EXERCISE DESCRIPTION >>
Find the line with "Charcoal Venice Dessert.jpg" in the records below. Output exactly from there until after the line with "vedh melodyloop 026 gm f dm e 124bpm", without pictures.

EXERCISE MATERIAL >>
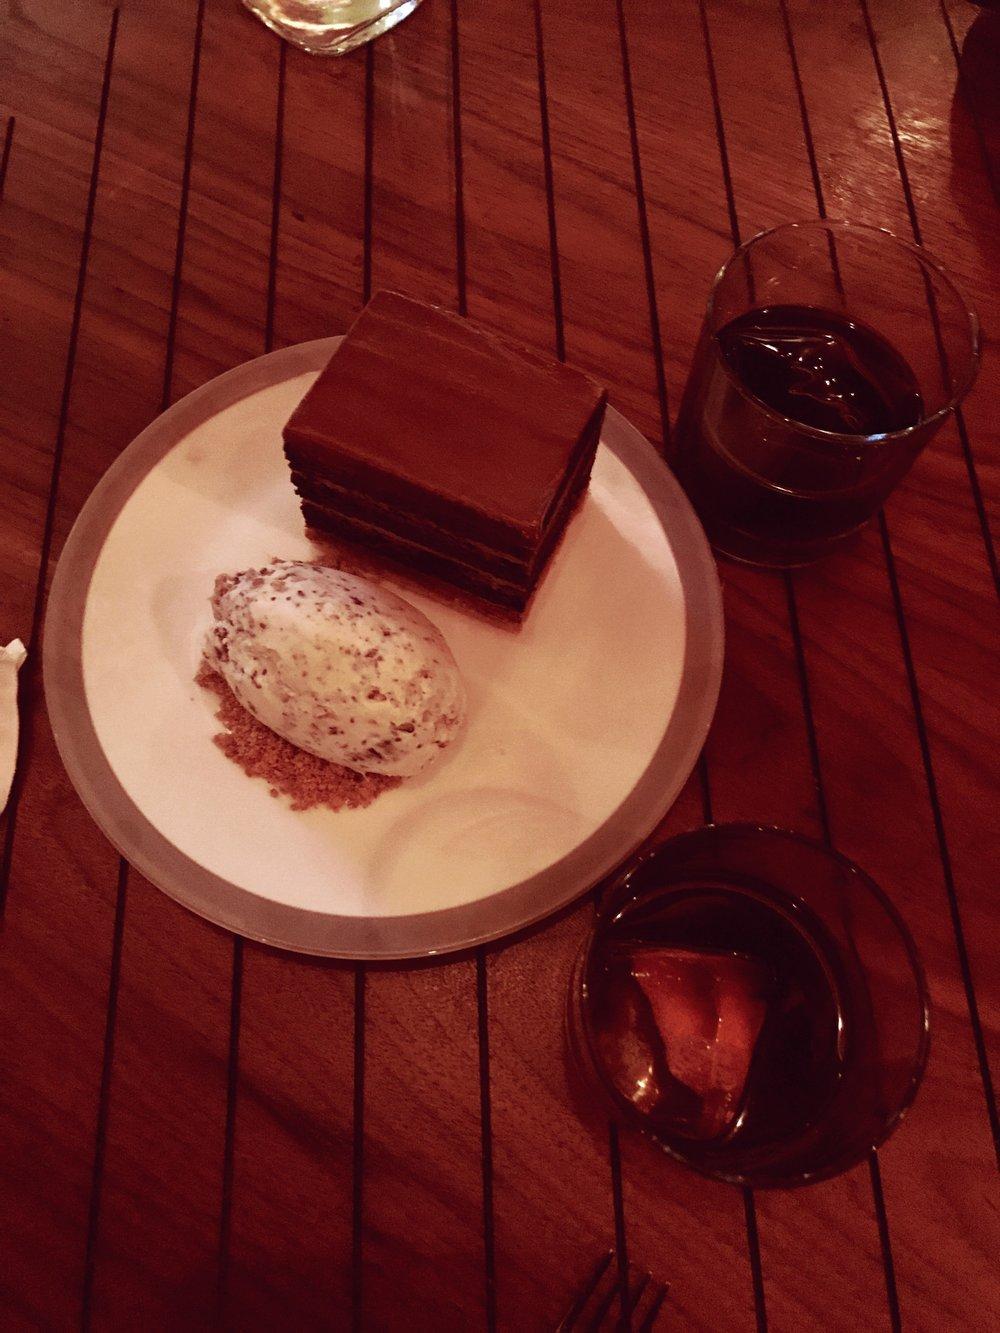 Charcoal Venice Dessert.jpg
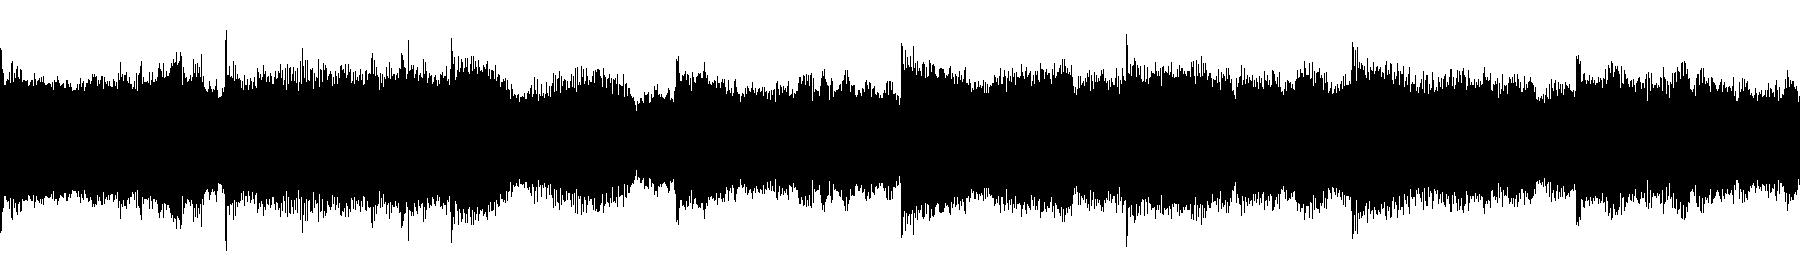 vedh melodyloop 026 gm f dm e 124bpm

==

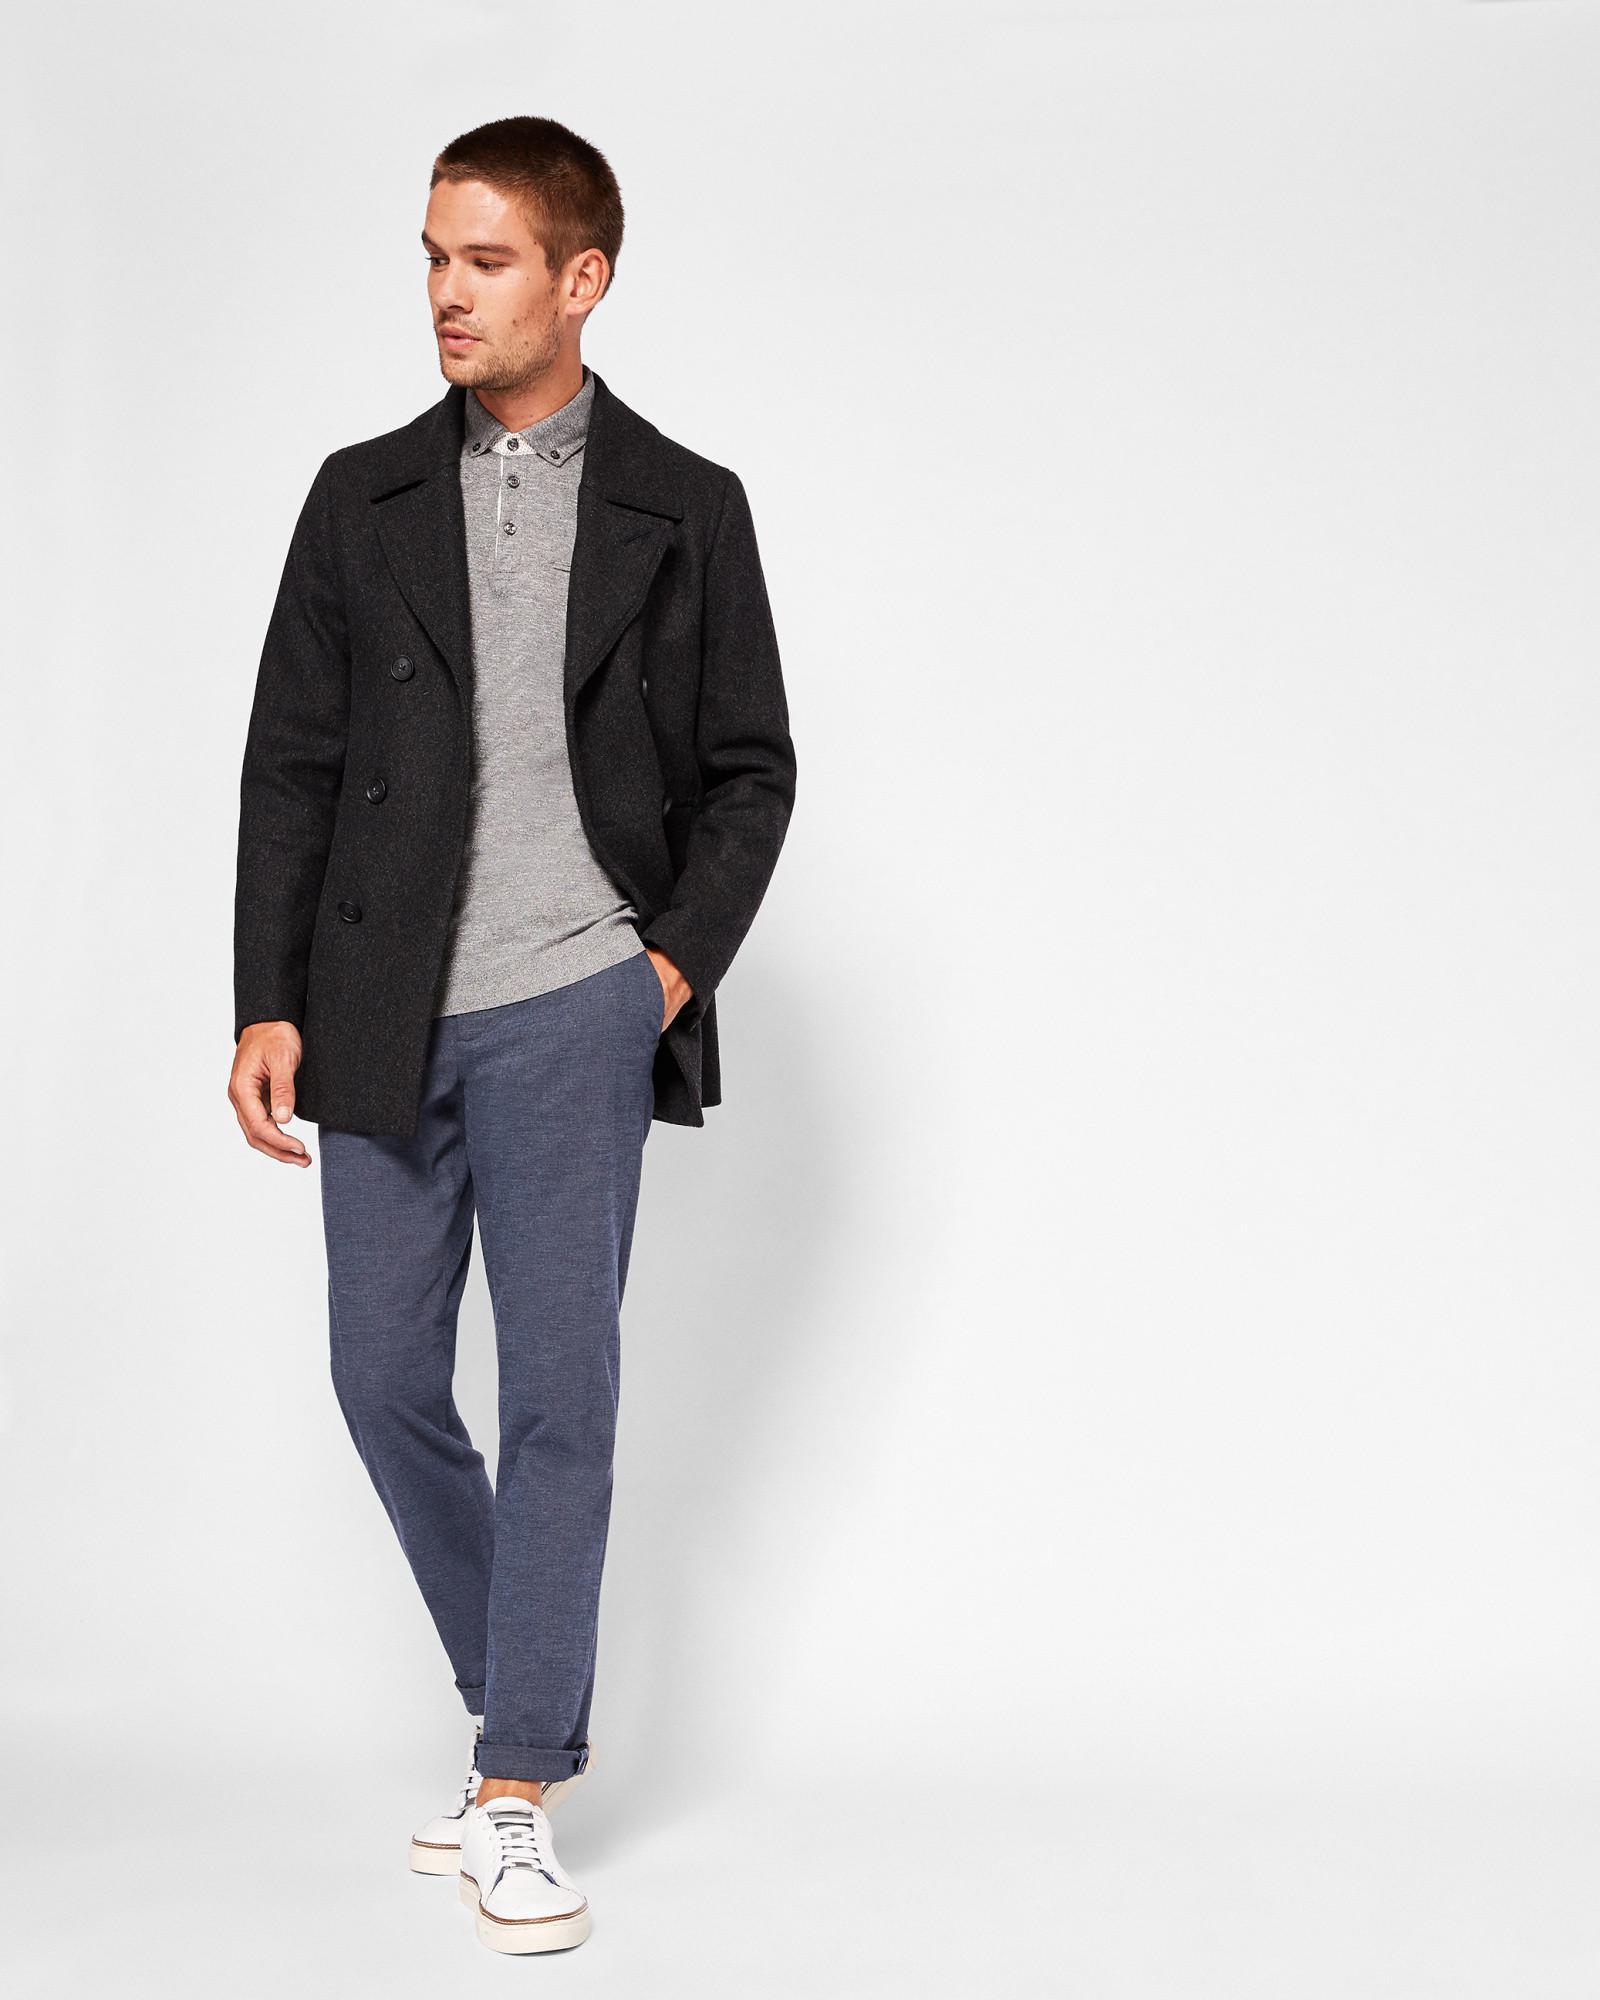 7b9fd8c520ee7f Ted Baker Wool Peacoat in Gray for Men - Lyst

EXERCISE SOLUTION >>
 Charcoal Venice Dessert.jpg
 vedh melodyloop 026 gm f dm e 124bpm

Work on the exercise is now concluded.